Keywords: fly ash, zeolites, up scale, jet loop, hydrothermal agitation

1. Introduction

It has been 30 years since the discovery by Holler and Wirsching that zeolites can be synthesised from coal fly ash [1]. It was found that the coal fly ash contained the necessary elements, namely silicon and aluminium, which are building blocks of the zeolitic structure. This has spawned substantial research into zeolite synthesis from coal fly ash with a view to create outlets for fly ash utilisation, thereby solving the worldwide problem of coal fly ash disposal. Coal fly ash is produced during the coal combustion process, and it is the most predominant coal combustion by‐product [2]. The electricity generated from coal combustion accounted for 29.9% of the world's electricity supply in 2011, and this is expected to increase 46% by 2030 [3]. Therefore, there are concerns with the high volumes of coal fly ash waste being produced.

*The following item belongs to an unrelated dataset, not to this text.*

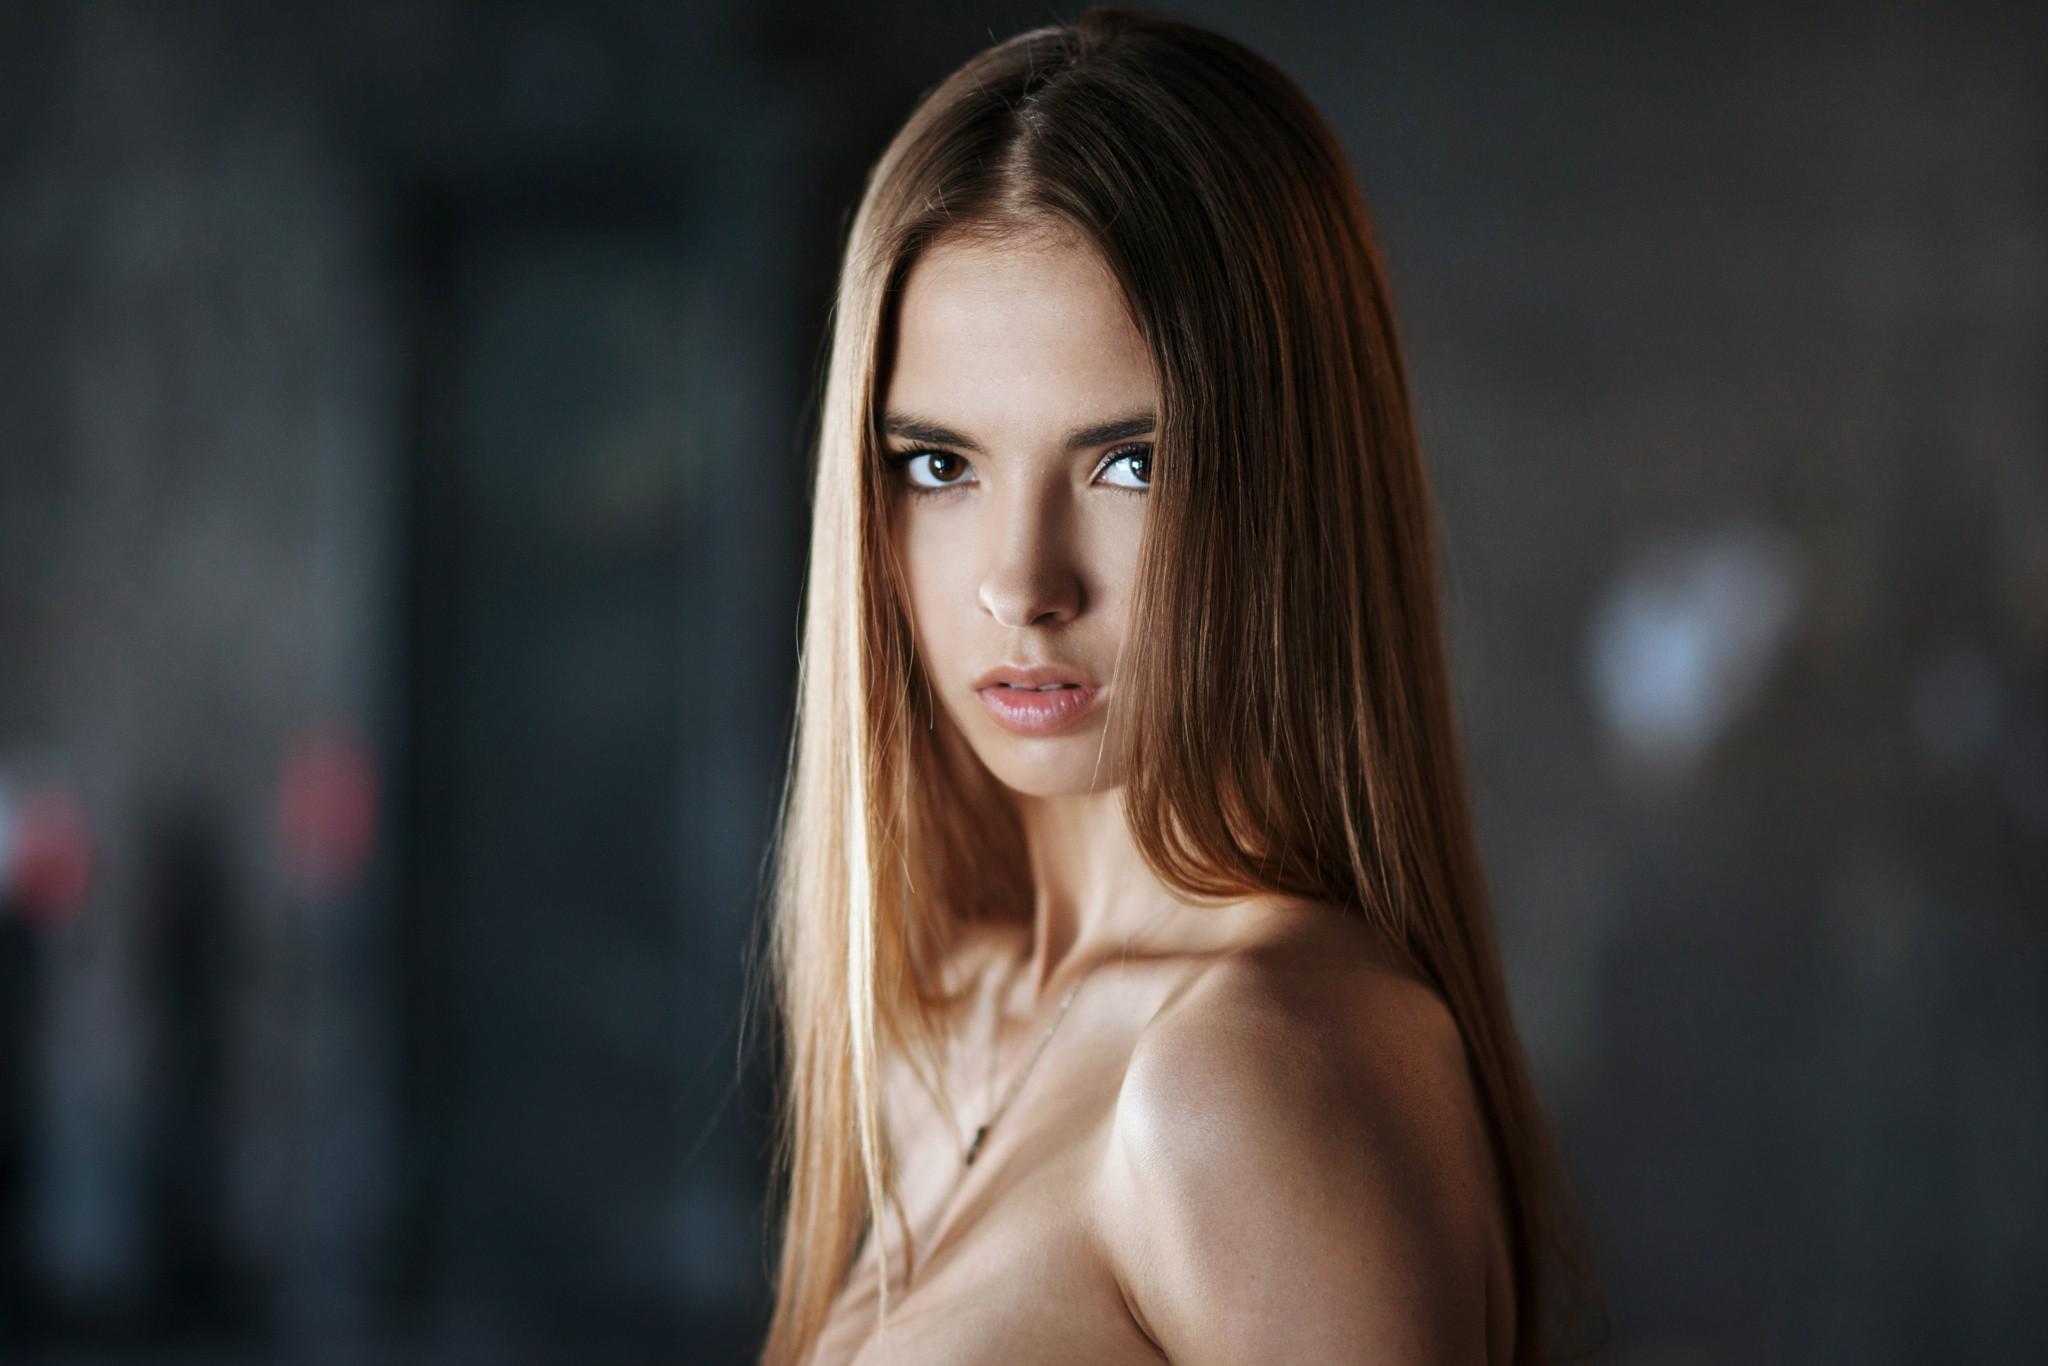 vk ck XVIDEOSCOM  XVIDEOSCOM  Free Porn Videos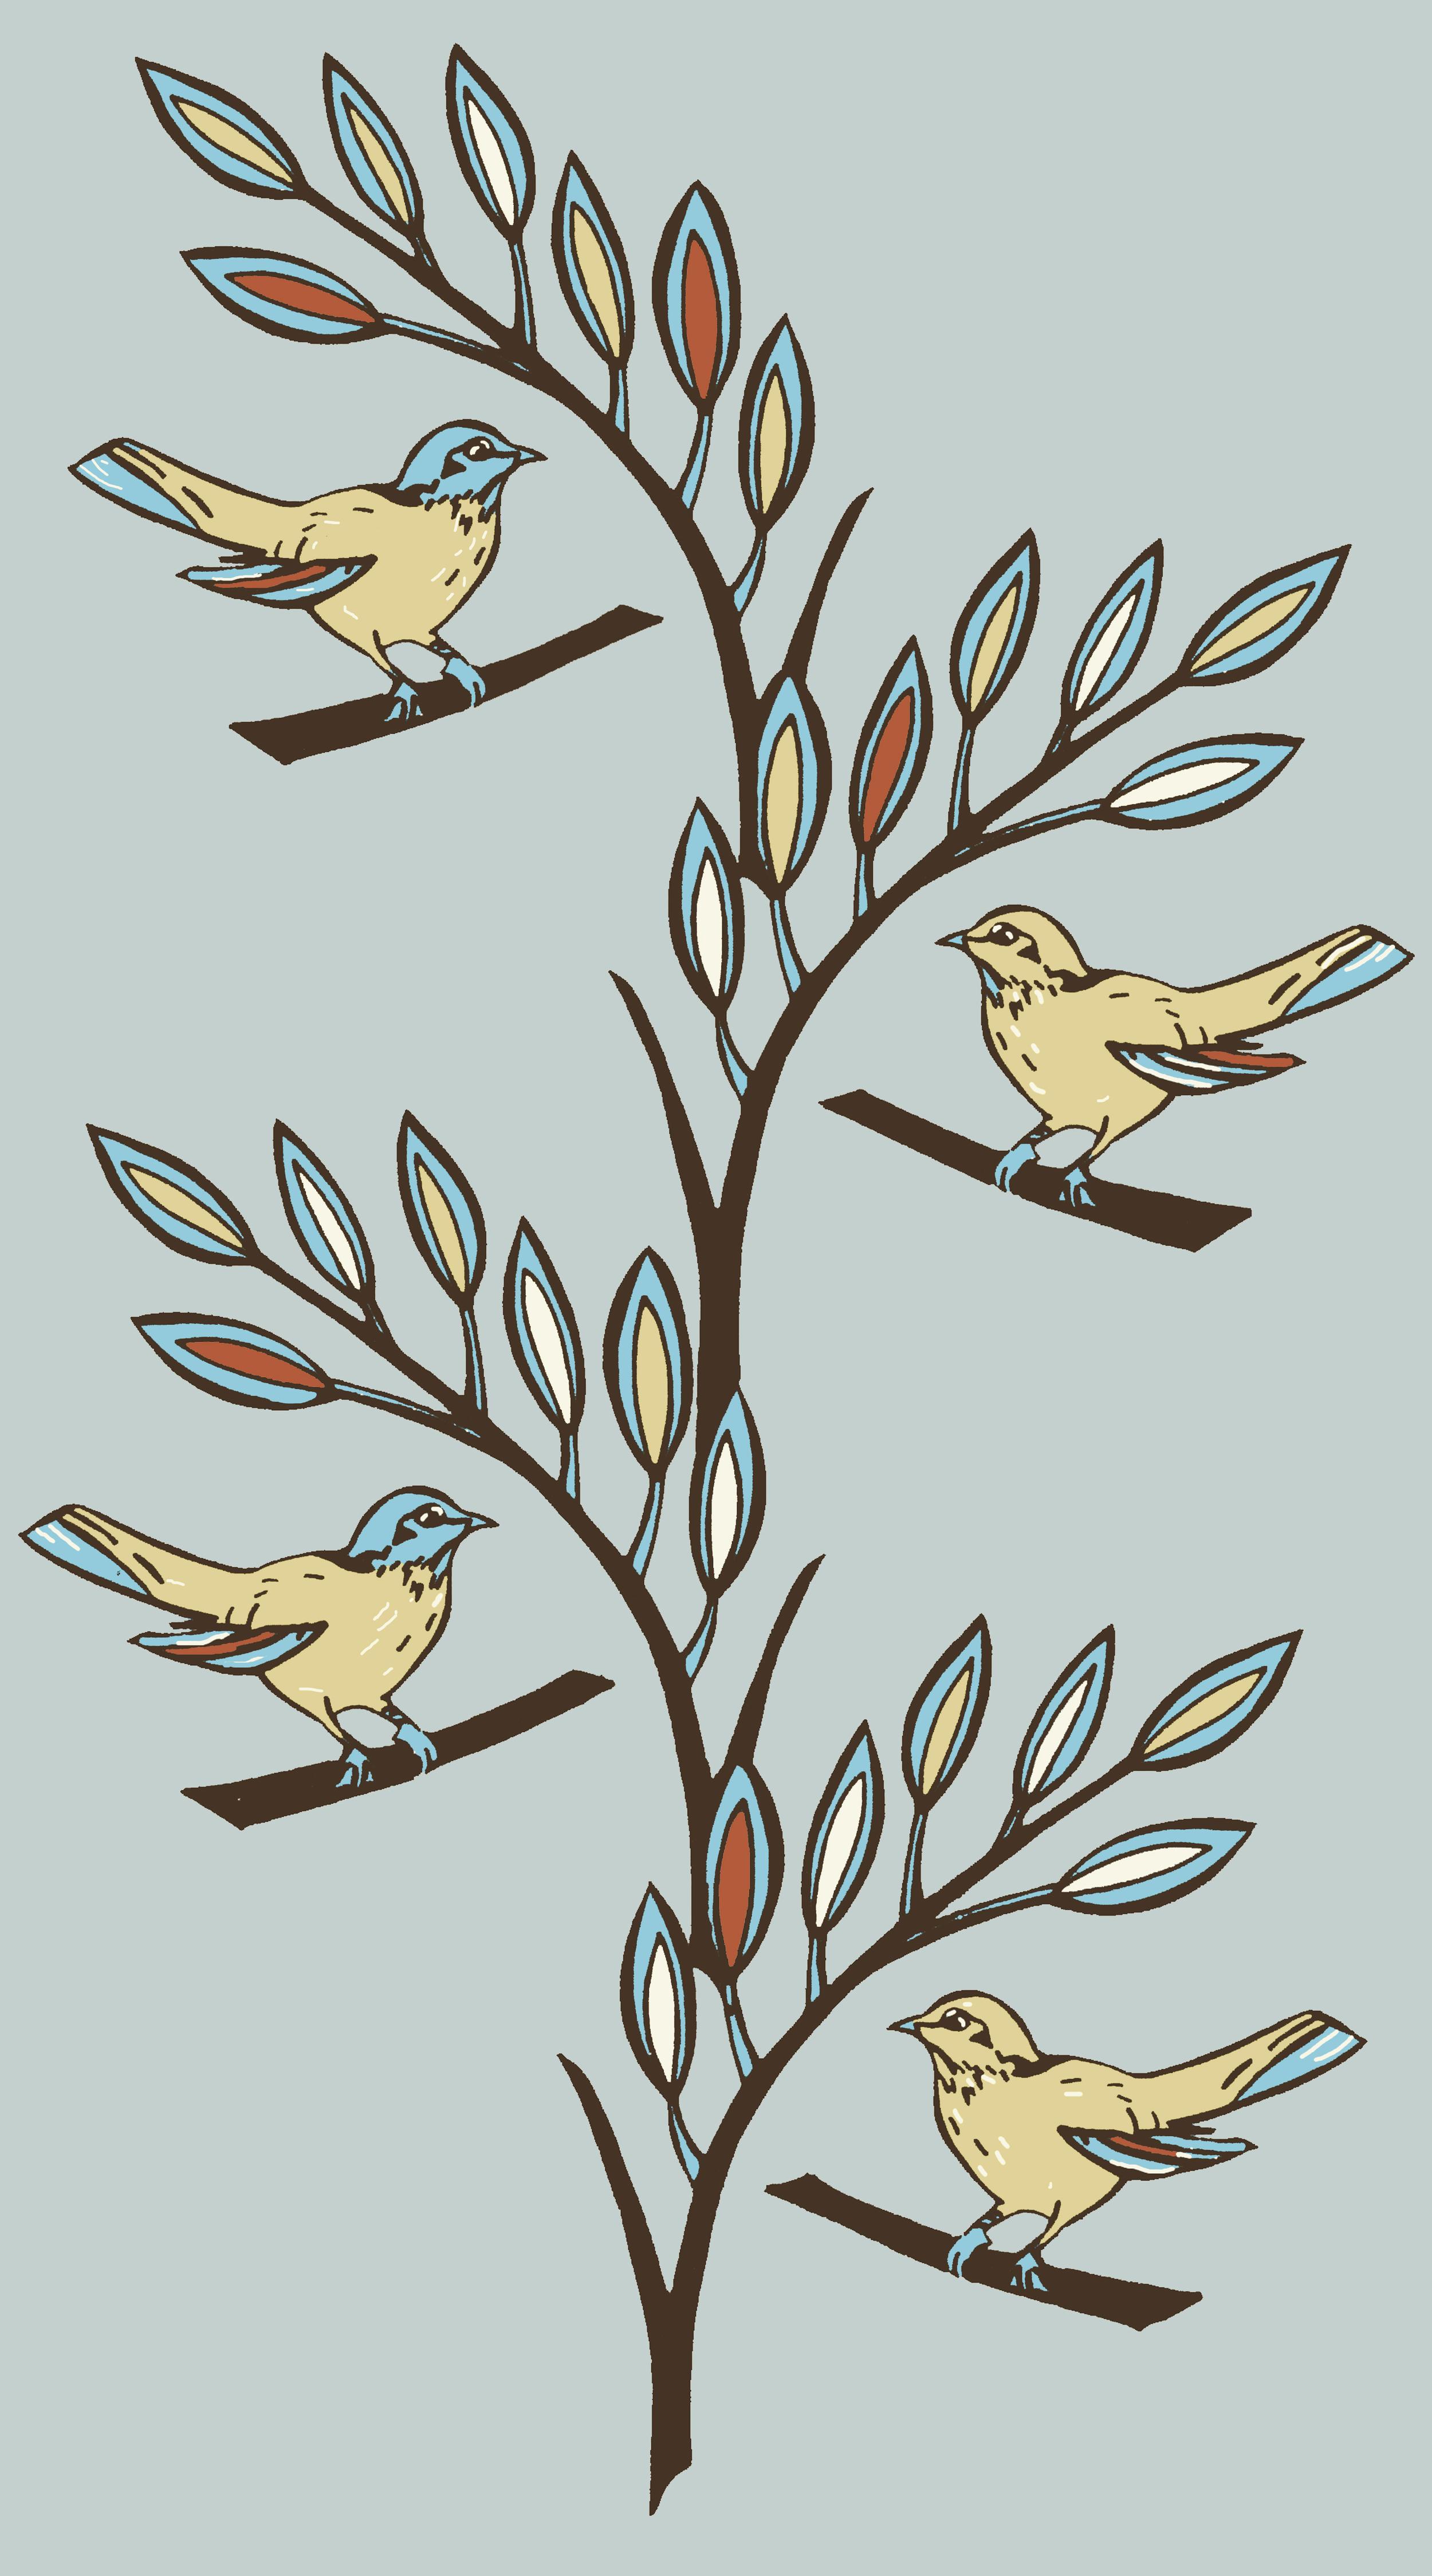 Birds on a branch design

In South Africa alone, approximately 36 million tonnes are produced per annum with 95% of that being dumped in ash dumps [4]. When it is seen that South Africa only accounts for 2.4% of the world coal consumption, it becomes apparent of the scale of coal fly ash produced worldwide. Especially, concerning the large‐scale world coal consumers, such as China (50.2%), United States (11.7%), and India (8%) [3], it has been reported that China produced 540 million tonnes of coal fly ash in 2011 with only 68% being reused, while about 61% of the 163.56 million tonnes of fly ash produced in India between 2012 and 2013 was reused [3]. This poses risks to the environment and surrounding populations of these ash dumps. This is due to coal fly ash having the potential to leach toxic heavy elements into the groundwater system [5] and poses a threat to person's health if inhaled [6]. Due to the problem of coal fly ash disposal, many studies investigated its use with regard to different applications, such as in agriculture, in construction, in wastewater treatment, and for the synthesis of geopolymers and zeolites as can be seen in a recent review [3]. The views of these studies were to find outlets for the utilisation of this waste, thereby addressing the disposal problems. However, these applications have not solved the problem of coal fly ash disposal, as they are not at the scale required to deal with the high volumes of coal fly ash being produced.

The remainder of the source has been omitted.